- _RAW DATA_
------

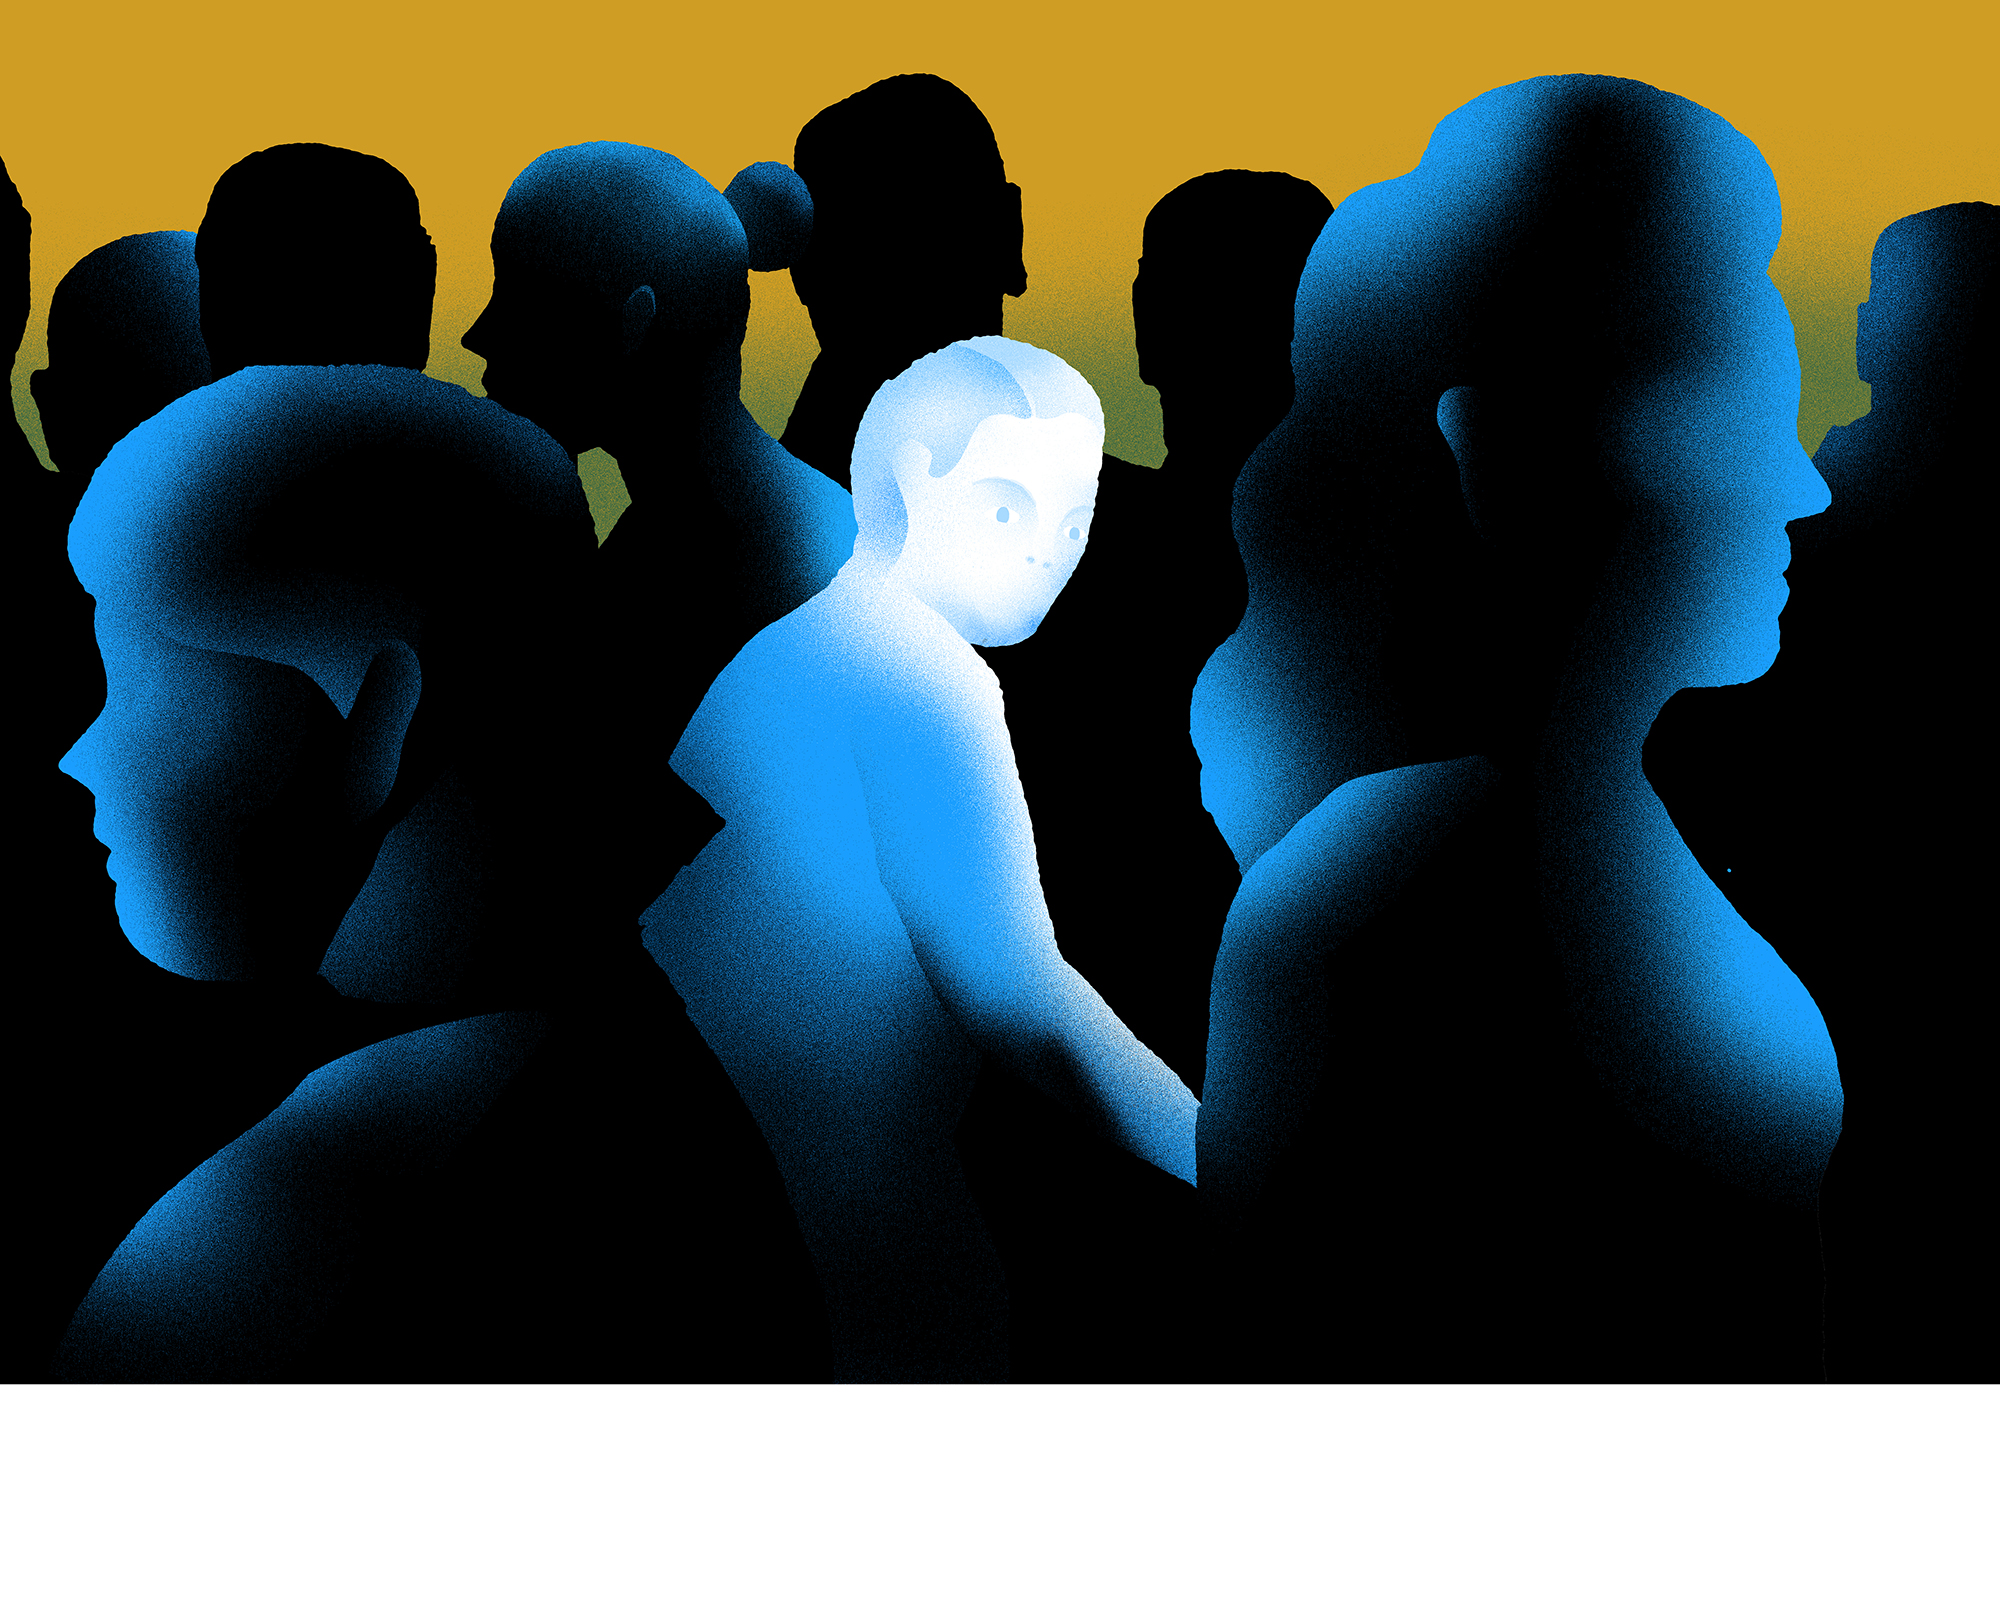 Illustration: a white-highlighted person looks suspiciously at the crowd around him, who are in shadow.
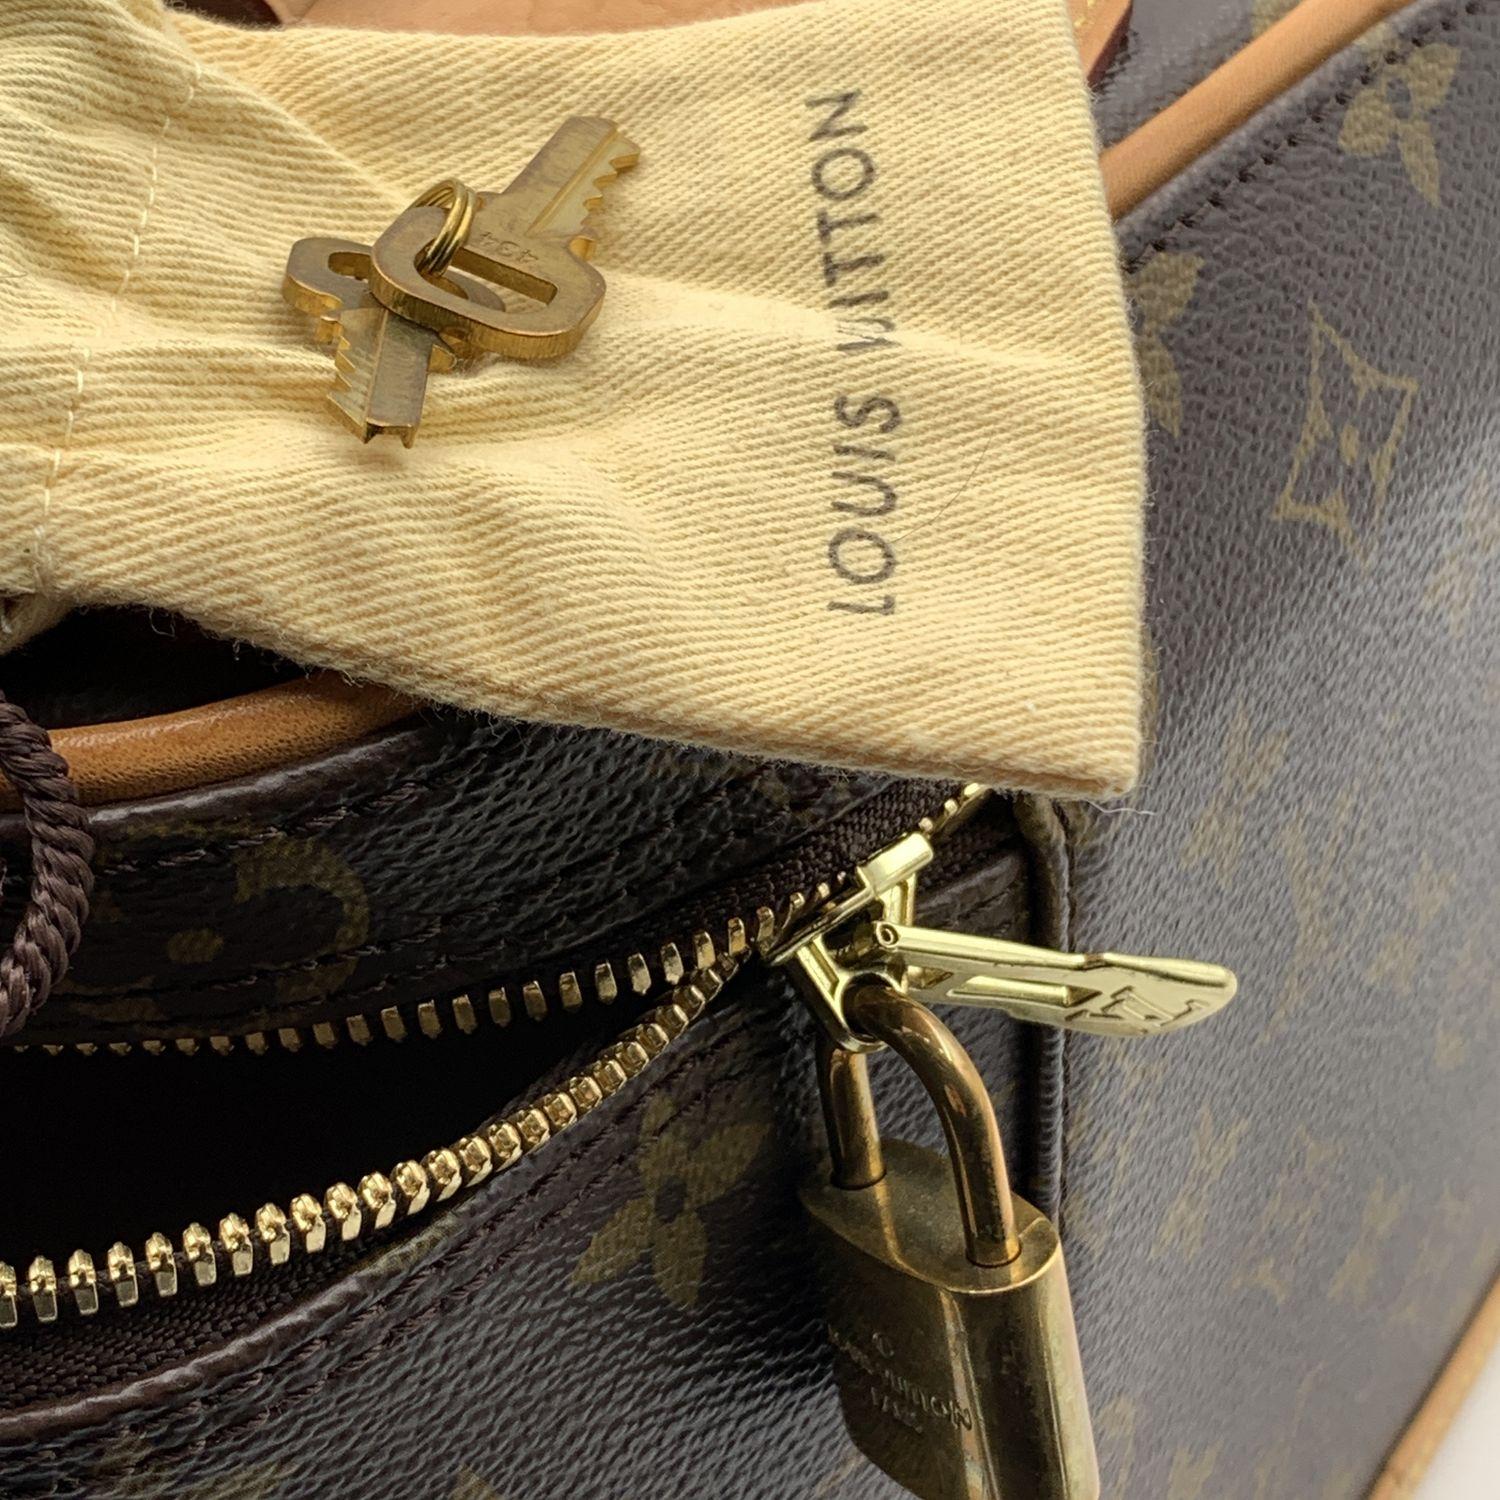 This beautiful Bag will come with a Certificate of Authenticity provided by Entrupy. The certificate will be provided at no further cost.

Louis Vuitton 'Nice' Travel beauty case. Monogram canvas and beige leather trim. The bag features a top

------

- _EXERCISE OBJECTIVE_
Everything in the listing, except its images, should be set down exactly.

- _THE COMPLETED TASK_
 Illustration: a white-highlighted person looks suspiciously at the crowd around him, who are in shadow.
 This beautiful Bag will come with a Certificate of Authenticity provided by Entrupy. The certificate will be provided at no further cost.

Louis Vuitton 'Nice' Travel beauty case. Monogram canvas and beige leather trim. The bag features a top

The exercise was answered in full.